Hannah Trostle: I was surprised that AT&T was as small as it is. Um, I was less surprised to see Comcast and Charter just, you know, focused on the cities, like we always expect cable companies to be in cities. That makes a lot of sense.

Christopher Mitchell: When you say cities, really, I mean it's, people might not be thinking of a city of 20,000, but it's --

Hannah Trostle: Yeah, those are, those are still cities. They were there, the urbanized areas. They are oftentimes like the, uh, regional economic centers.

Christopher Mitchell: Yeah, 'cuz they're, I mean the cable companies are all over the map. I, my first reaction was that Susan Crawford nailed it when she wrote "Captive Audience," the book talking about the looming cable monopoly. Those were the words that she used and it's quite clear when we look at our map, you said AT&T's service territory was quite small particularly, I mean their overall footprint is smaller than I imagined it, but in particular their footprint of broadband service is much smaller than I imagined. It's clear that cable companies are the dominant force of broadband.

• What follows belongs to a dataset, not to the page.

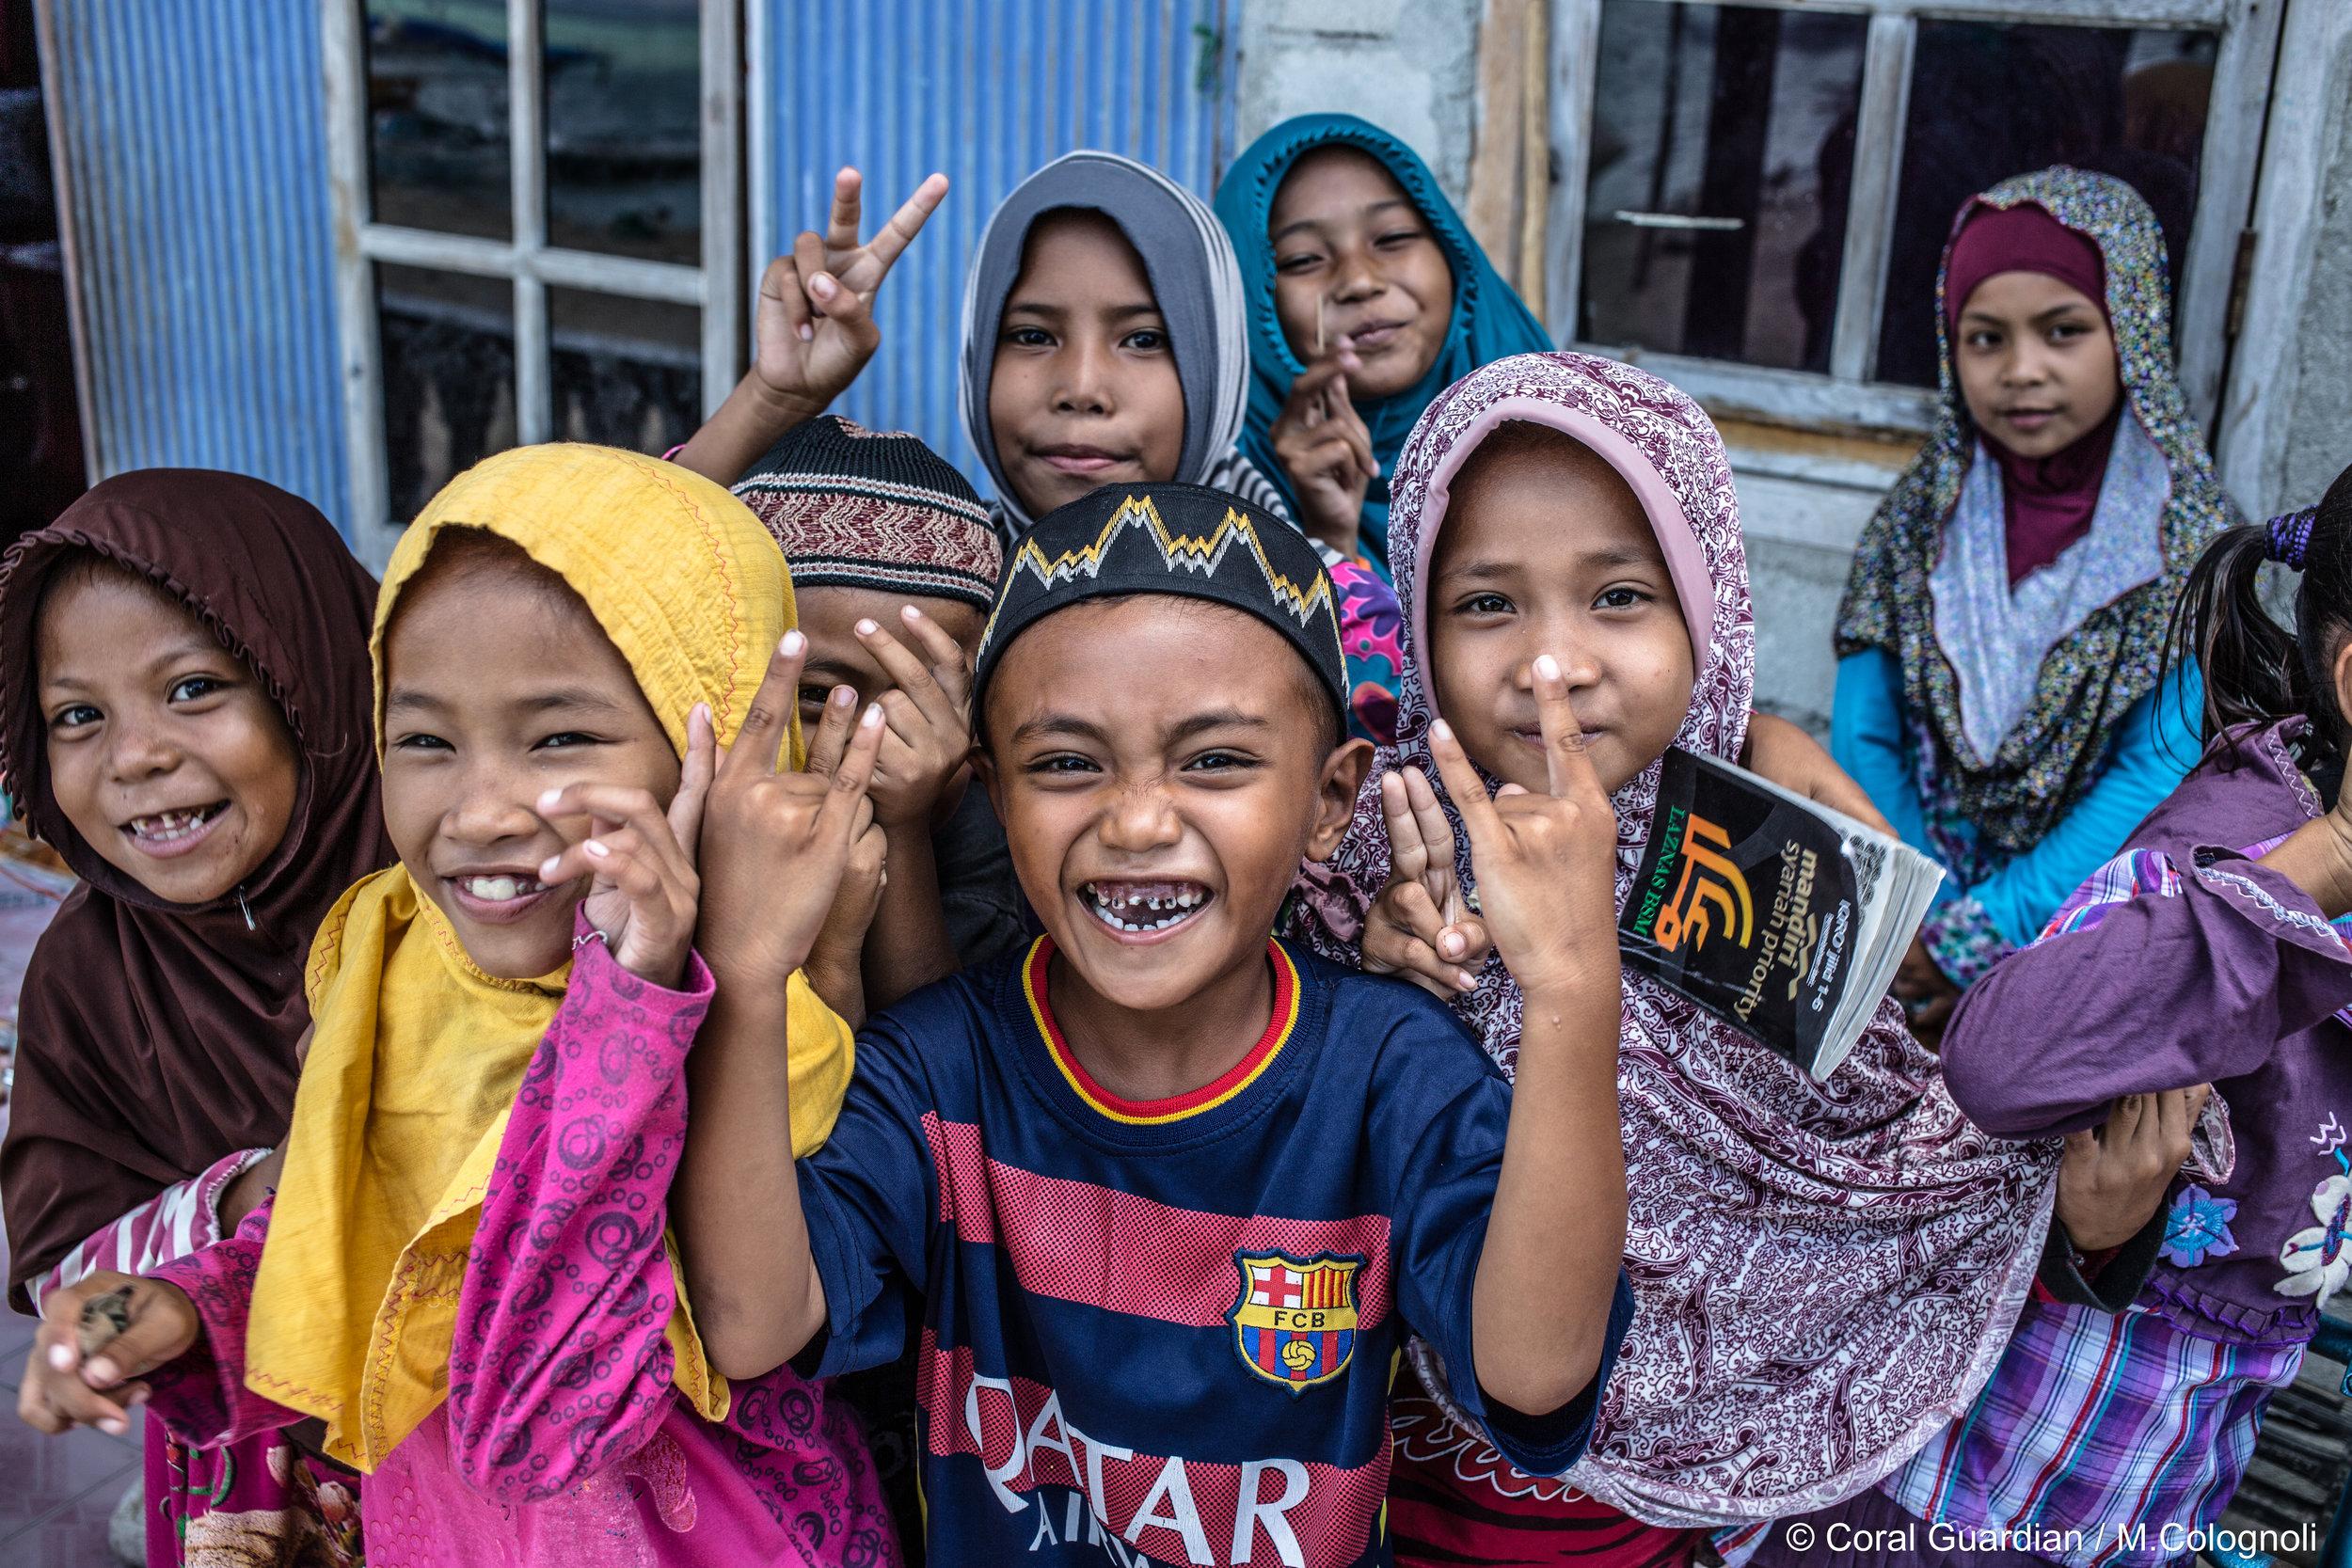 18 - Children of the reef, the future of Seraya-besar CREDIT: MArtin COLOGNOLI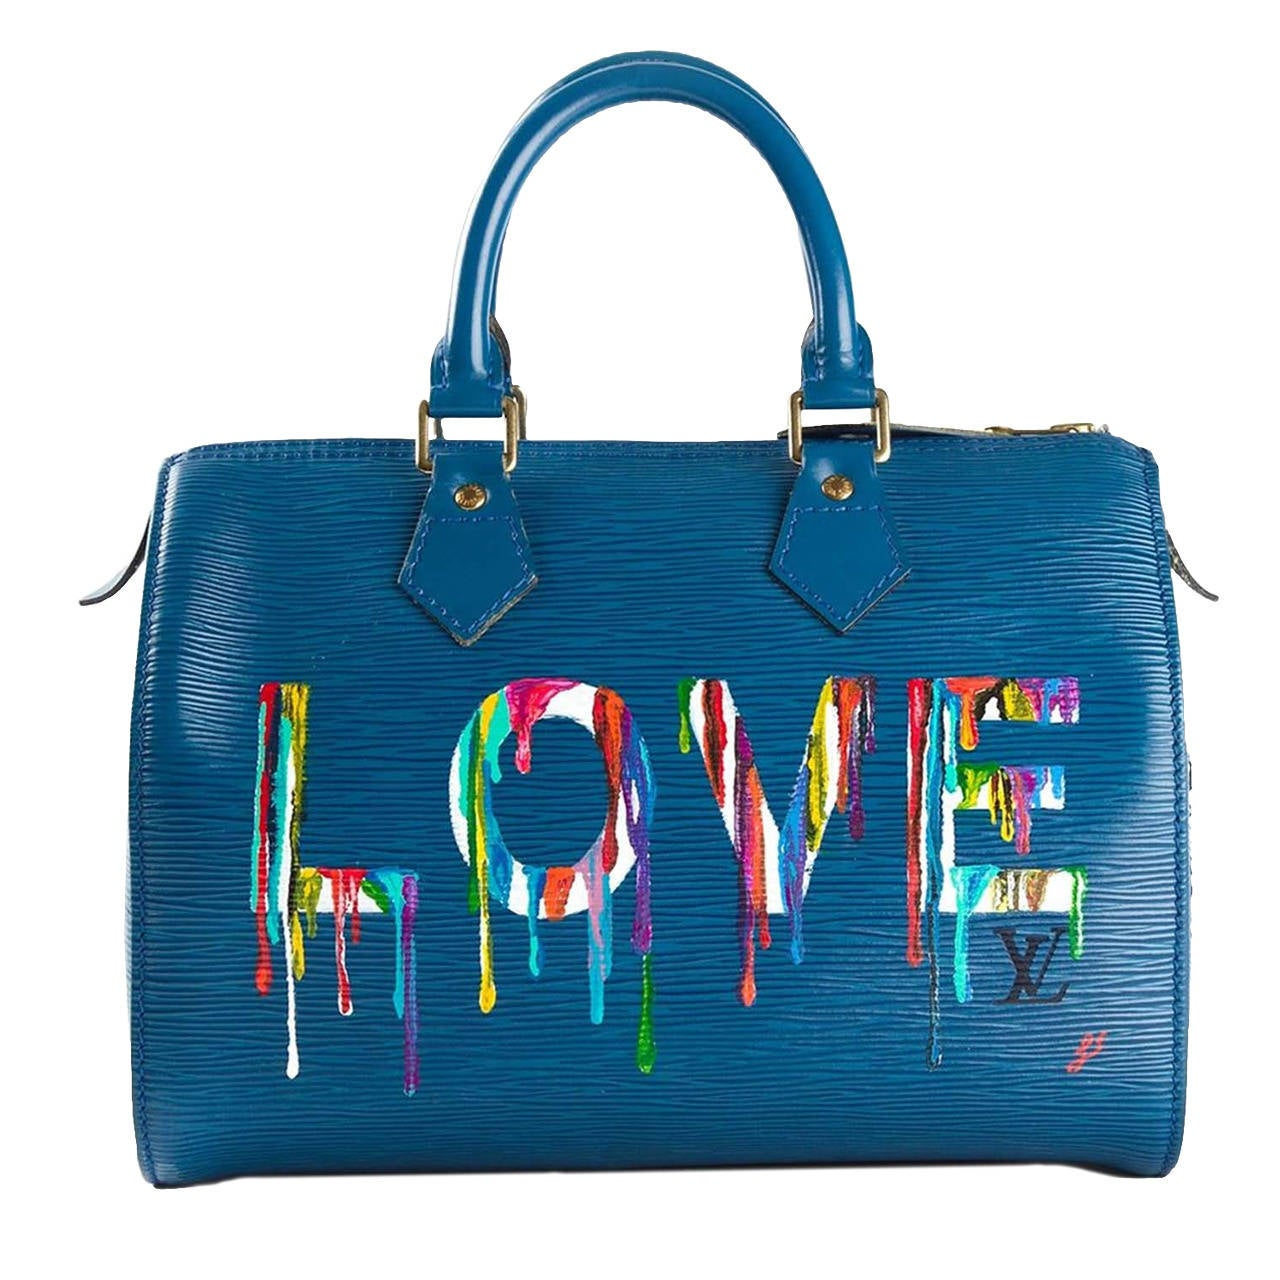 Louis Vuitton Hand Painted Blue Epi Speedy Bag at 1stdibs

Hannah Trostle: Yeah. The cable companies are the ones providing broadband, if you're only looking at the big cable and telecom companies. Like as soon as you start adding in the Co-ops, then you can see that oh, co-ops are actually providing broadband in rural America. So it's really more split between co-ops in the rural areas and cable companies in urbanized areas.

Christopher Mitchell: Right. And just again to give people a sense of the scale, roughly 90 percent of the country lives in areas that are served by cable companies. Um, and so that includes both urban areas and the areas right around them that we may not think of as being urban. There's more people get cable service and than I think many people realize or, or have the potential of getting it.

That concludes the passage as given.